Ages of Cooking Ability

In the beginning our babies start life unable to do anything for their selves. Feeding, changing and taking care of those sweet babies is our job. But in time we start teaching them how to do simple tasks of being able to sit up, walk, feed their selves and the list goes on. It is in the toddler years that kids can start learning to help in the kitchen while under high supervision as well. The basic tasks of setting the table, squeezing lemons, matching silverware, helping to empty the dishwasher, helping to do simple tasks with an adult are things that can be learnt early in life. 

As time goes on and children develop better motor skills they can learn to do more.

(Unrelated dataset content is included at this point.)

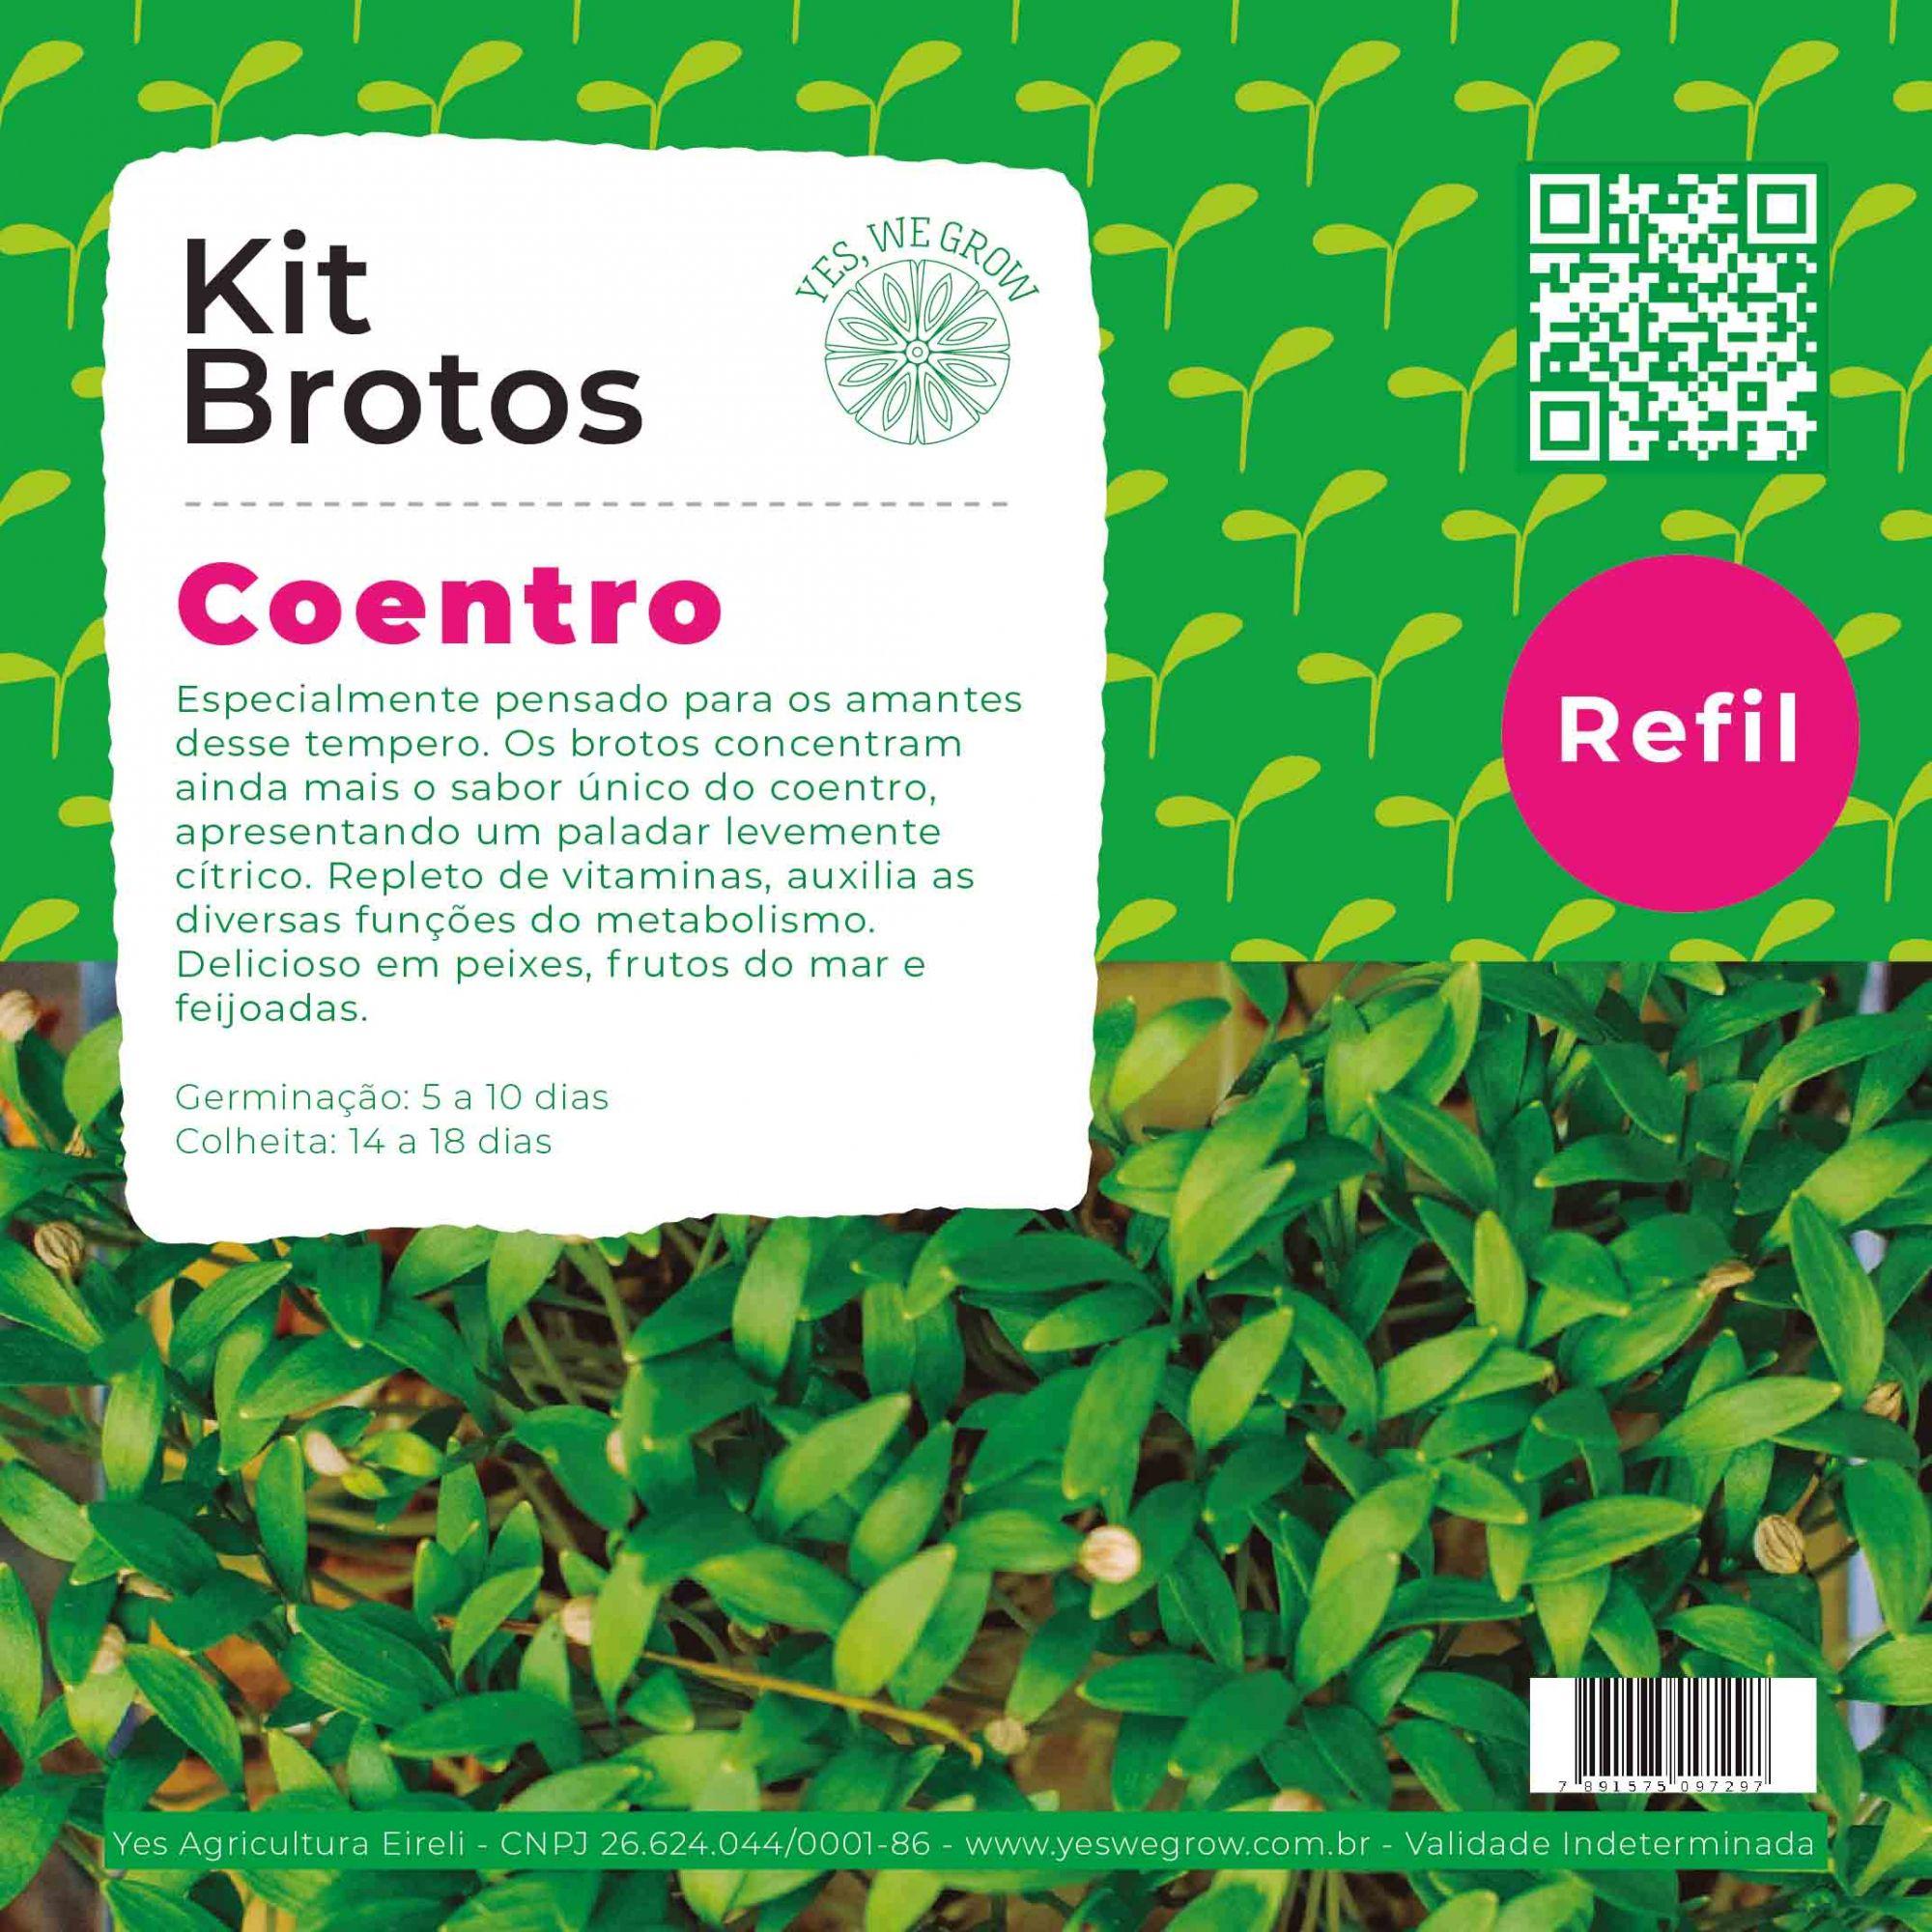 Refil para Kit Brotos Coentro
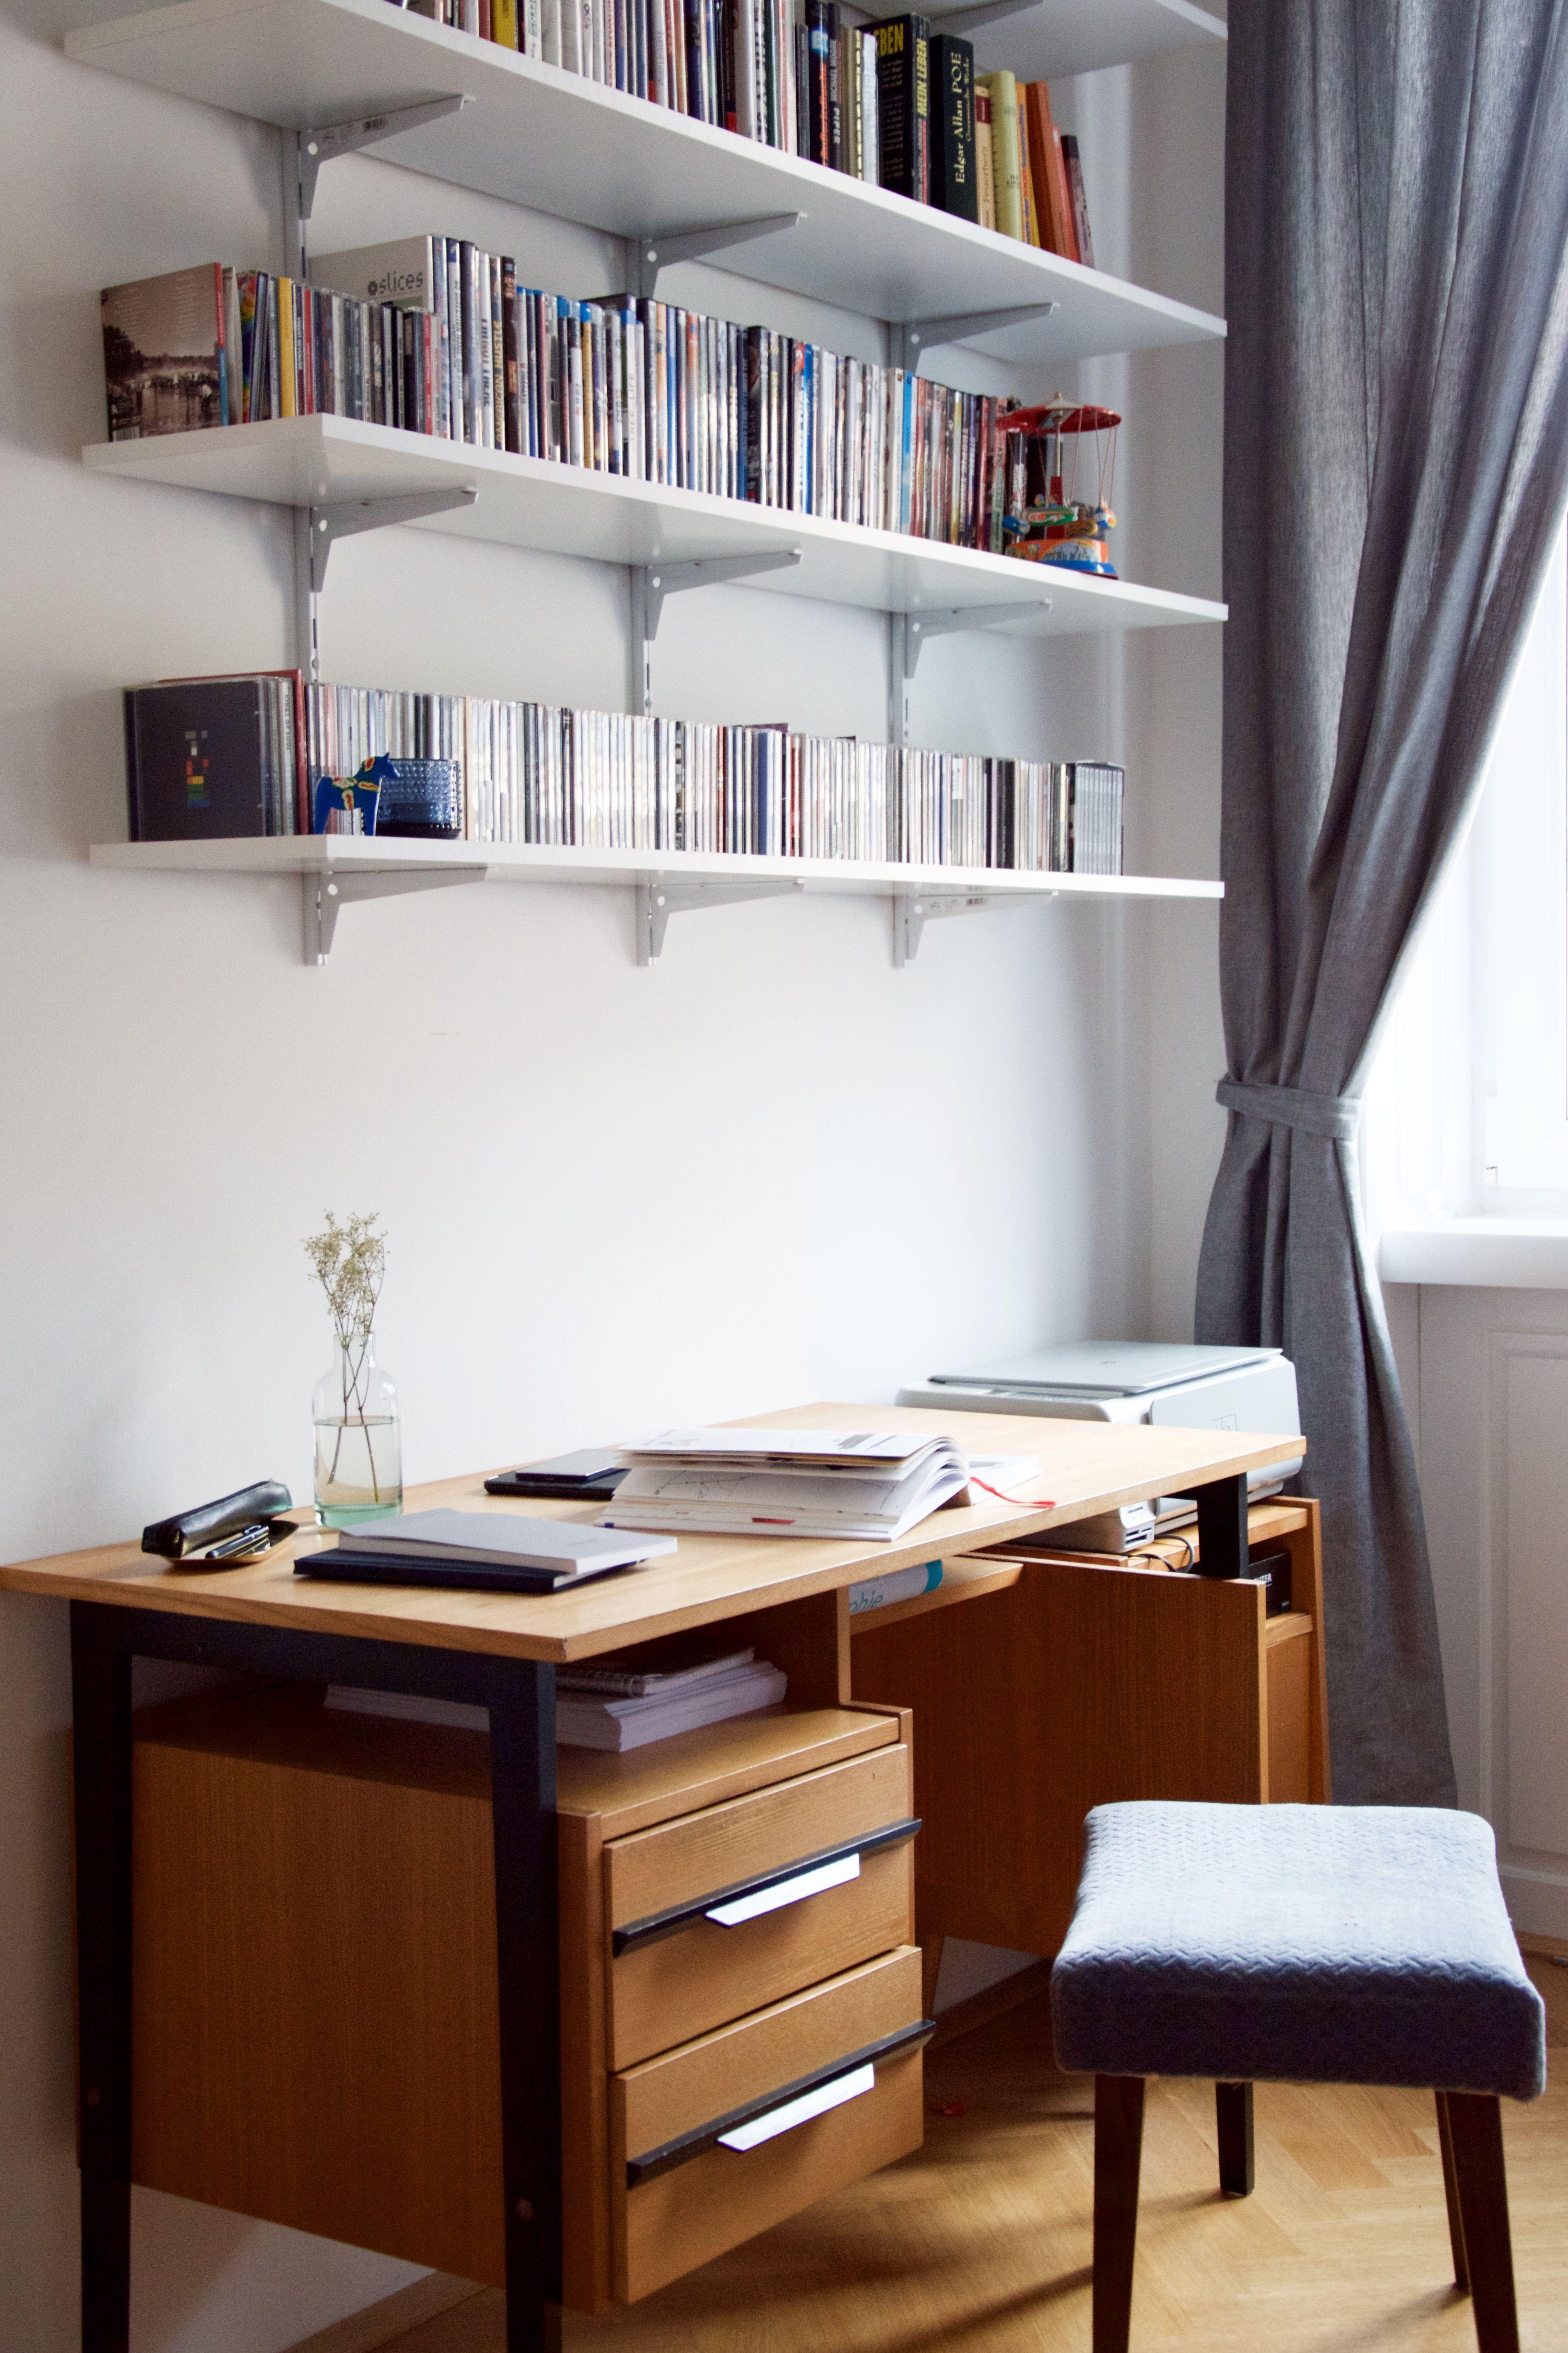 Arbeitsplatz | Stühle kaufen, Kleiner hocker und Arbeitsplätze

By the age of 4 or 5 Hand and eye coordination is getting better as well. At times our children may seem a bit backward and this can be improved with extra help. If your child seems ahead of their age in kitchen skills then you should continue the good work of keeping them involved and interested.

At the time to entering school is present a childs fine motor skills allows them to take on more detailed work. They are at the age to start using measuring spoons and forming meatballs or nuggets. Adult supervision is still in high need to ensure safety is present. Start at the age of six or seven to teach skills such as dicing, mincing vegetables, peeling raw potatoes with a peeler, slicing and scooping avocados and greasing pans. 

My grand-daughter is 8 years old at the present and all previous skills have been achieved. Now she is ready to take on new areas in the skills of cooking. It is up to the adult to know if they are mature enough to work with the stove or not. One good place to start is microwave and toaster oven recipes. The ability to use pizza cutters, can openers, as well as putting mix in muffin cups are all abilities to succeed at around the ages of 8 or 9. Meanwhile, skills of rinsing dishes, putting away leftovers, and making sandwiches are all items that can be done at this age. 

In the future we look forward to watching our princess work alone in the kitchen. The early basic skills are necessary to learn so that this level can be achieved. The same kitchen rules apply and parents role is to supervise and ensure rules are followed. Reminders such as using hot pad, washing hands, preventing mistakes on the stove top or oven can help them learn and be ready for ever growing achievements.